Рой звуков вторгался в голову, распадаясь неясными обрывками, они растачивались и меркли, проваливаясь в глубокую яму уставшего воспринимать Явь сознания, но снова вспышками возникала невнятная речь, вынуждая княжича очнуться. Вскоре Марибор различил, что голоса принадлежали степнякам. Они слышались отовсюду, напомнив ему, где он и с кем. А потом Марибор услышал поблизости треск поленьев, гудение огня, и жар костра хлынул на спину. Запах едкого дыма въелся в ноздри, оставляя на языке прогоркший вкус. Приближающиеся шаги он уловил ещё издали. Кто-то подступил и шумно дышал в стороне.

– Опамятовался? Жрица будет говорить с тобой.

Марибор почуял кислый запах браги, поморщился и приоткрыл ресницы, разглядев сквозь влажную пелену Анталака. Откуда берут запасы снеди? Знать порылись в погребах брошенных изб.

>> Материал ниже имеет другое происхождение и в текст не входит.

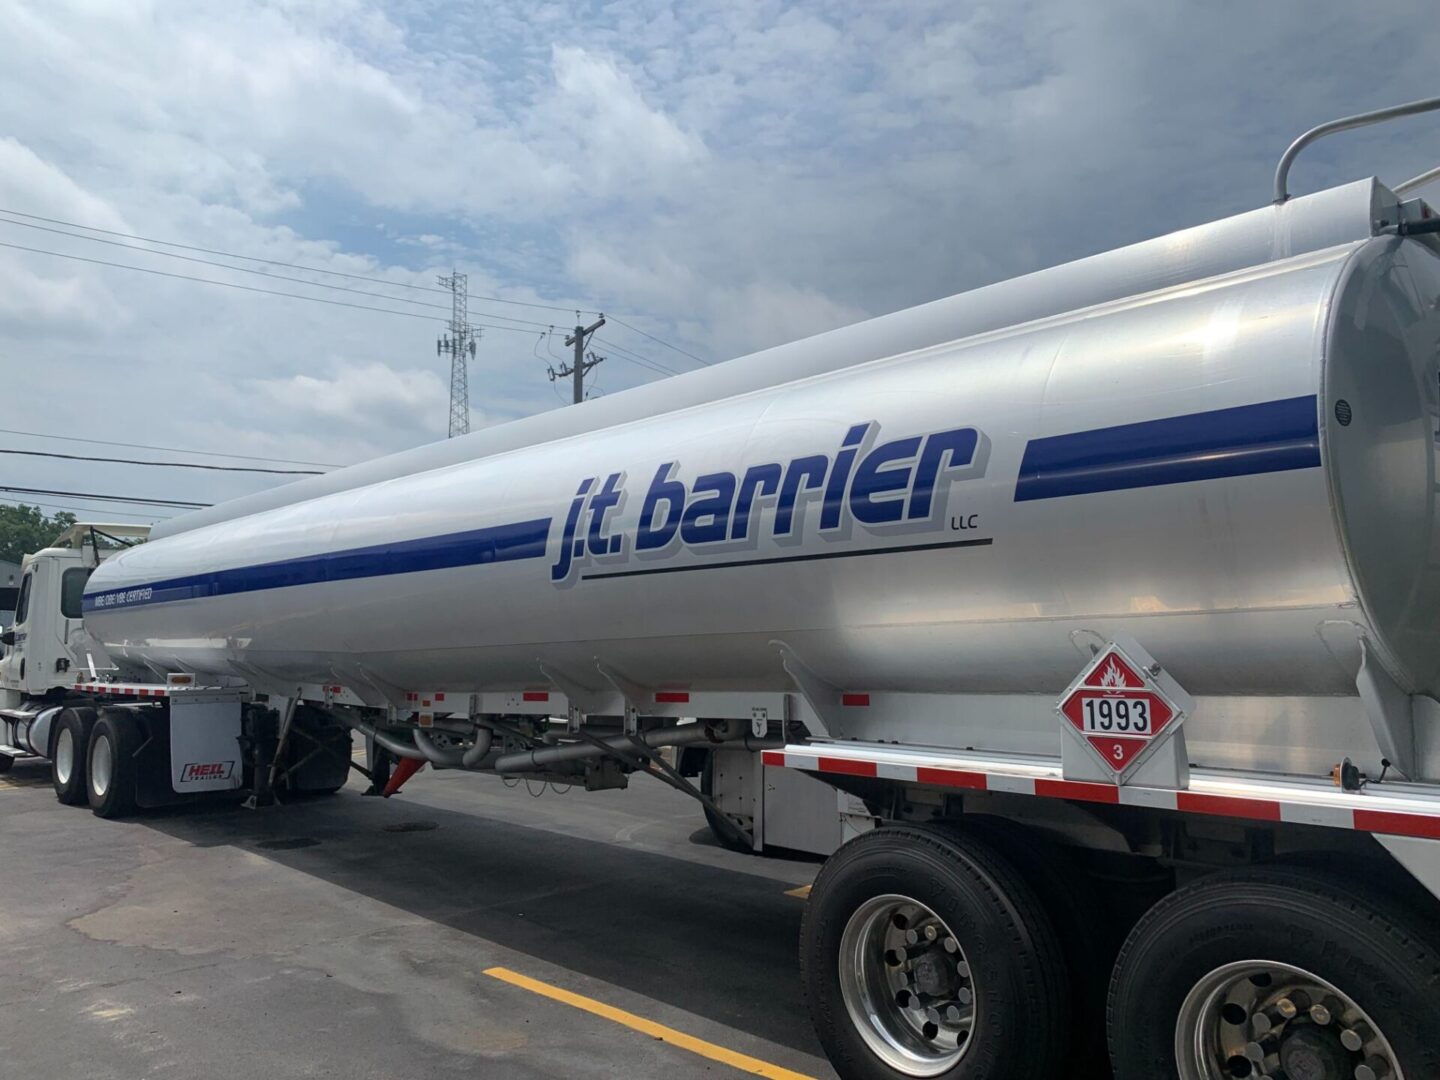 A white and blue tanker truck parked in a parking lot.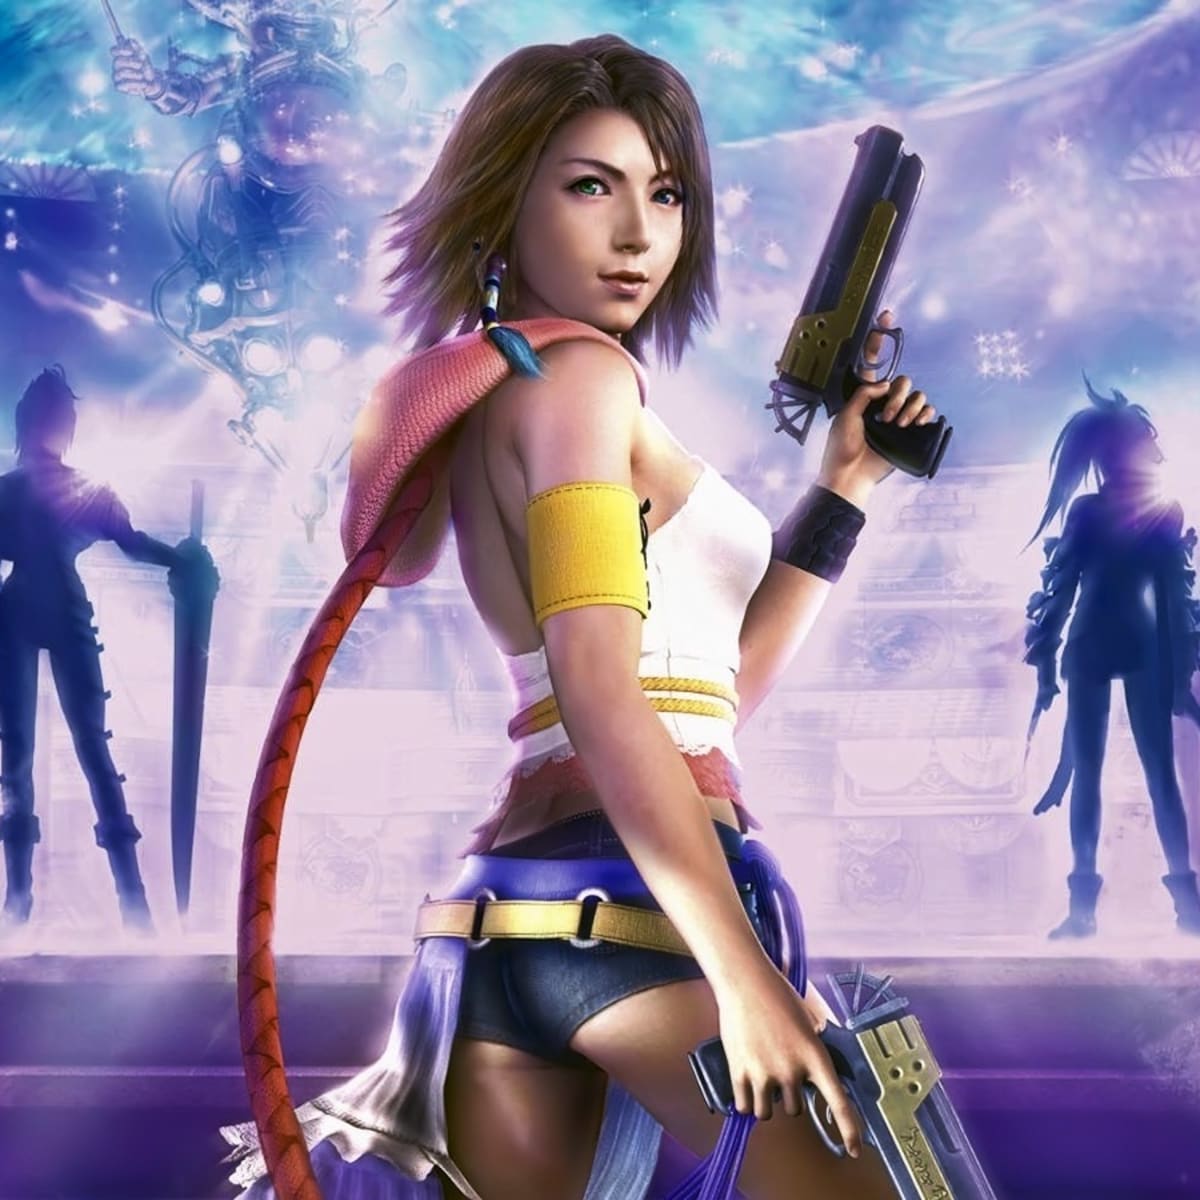 How To Get Unlimited Gil In Final Fantasy X 2 Hd Remaster Levelskip

– Передай ей, пусть идёт к лешему, – сказал он очень тихо, но степняк его расслышал.

Анталак пожевал губами, разъярился. Ударил бы, но чего-то побоялся, потому отступил скоро, и Марибор снова остался один. Он пошевелился и зажмурился, испытывая разрывающую резь в голове. Выждал, и когда утихла боль, снова открыл глаза, огляделся.

В темноте мелькали огни факелов и костров. Степняки с приходом ночи повылезли наружу, теперь шумели, смеялись, готовили над кострами снедь: убитых зайцев и тетеревов. Оглядев двор, Марибор насчитал с дюжину воинов, но где же остальные? Ведь напало на отряд больше двадцати. Пусть многие полегли, но остальные? Неужели успели уйти?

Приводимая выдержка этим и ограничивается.